Temple Beth-El is a former Orthodox Jewish synagogue located at 12 Church Street, Hornell, New York, in the United States. Built in 1946, it was founded as an Orthodox congregation and, in the 1960s, operated briefly as a Conservative congregation.

In February 2016, the synagogue building was listed on the National Register of Historic Places.

== Architecture ==
The building reflects the pattern of Jewish settlement seen in small towns across New York in the mid-nineteenth and early twentieth centuries. The building illustrates the economic, social, and cultural impact this ethnic and religious group made to the community. Previous to the synagogue, the congregation worshiped in local homes and later the Erlich Hebrew Center, a Jewish center established in a downtown commercial building (converted into studios for WLEA after the Jewish community moved out).

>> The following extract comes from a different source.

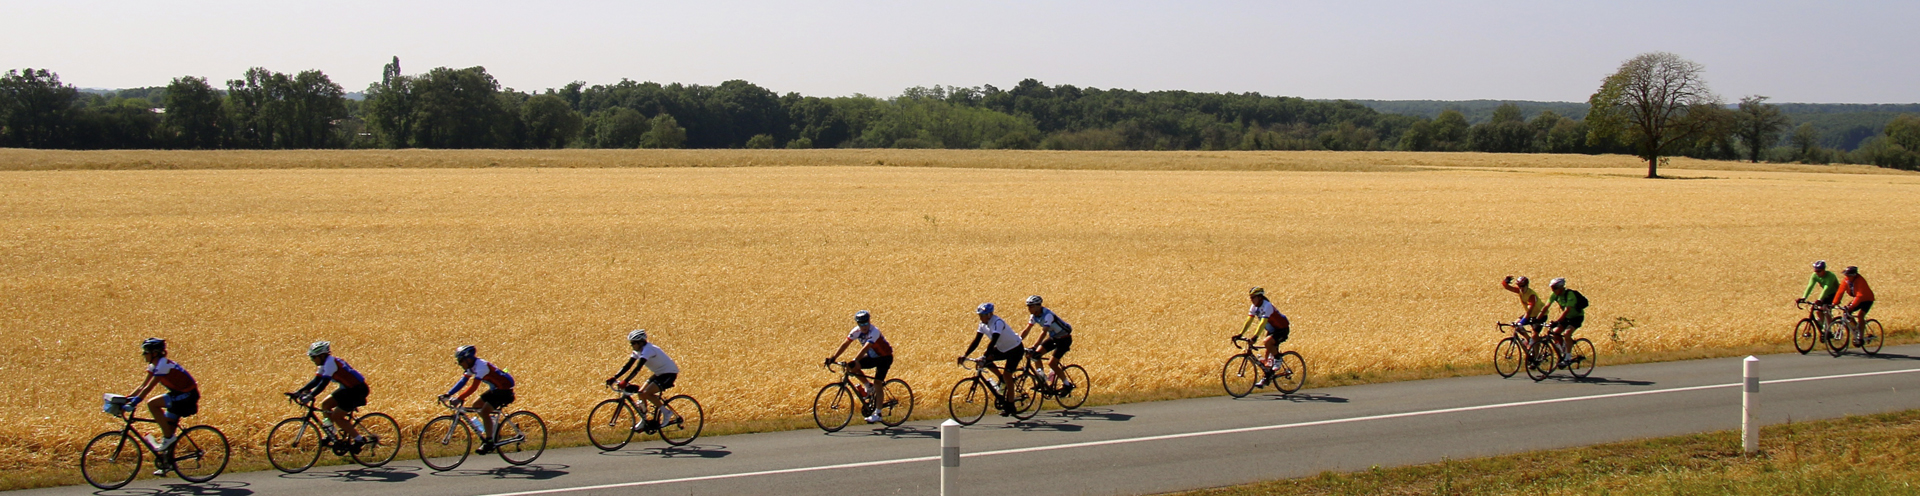 Global Cycling Adventures - Road Cycling Tours

After World War II, the center proved to be inadequate and the congregation pooled its resources. Renamed Temple Beth-El, the congregation was able to build its own house of worship near the center of the city where other religious houses of worship were prominently sited. Design and construction were guided by a building committee and the synagogue was dedicated in 1947. The only change made to the building since its dedication was a new roof and ceiling in the worship space in 1976. Prior to its closure, the presence of the synagogue reinforced the fact that the congregation was part of the Hornell community.

== History ==
In 1950 the Rabbi was Harry Zwick, and congregation officers were: president Isadore Spitulnik, vice-president Louis Eisenberg MD, financial secretary Joseph Cropp, recording secretary Edward Schulimson, treasurer Hyman Jacobsen.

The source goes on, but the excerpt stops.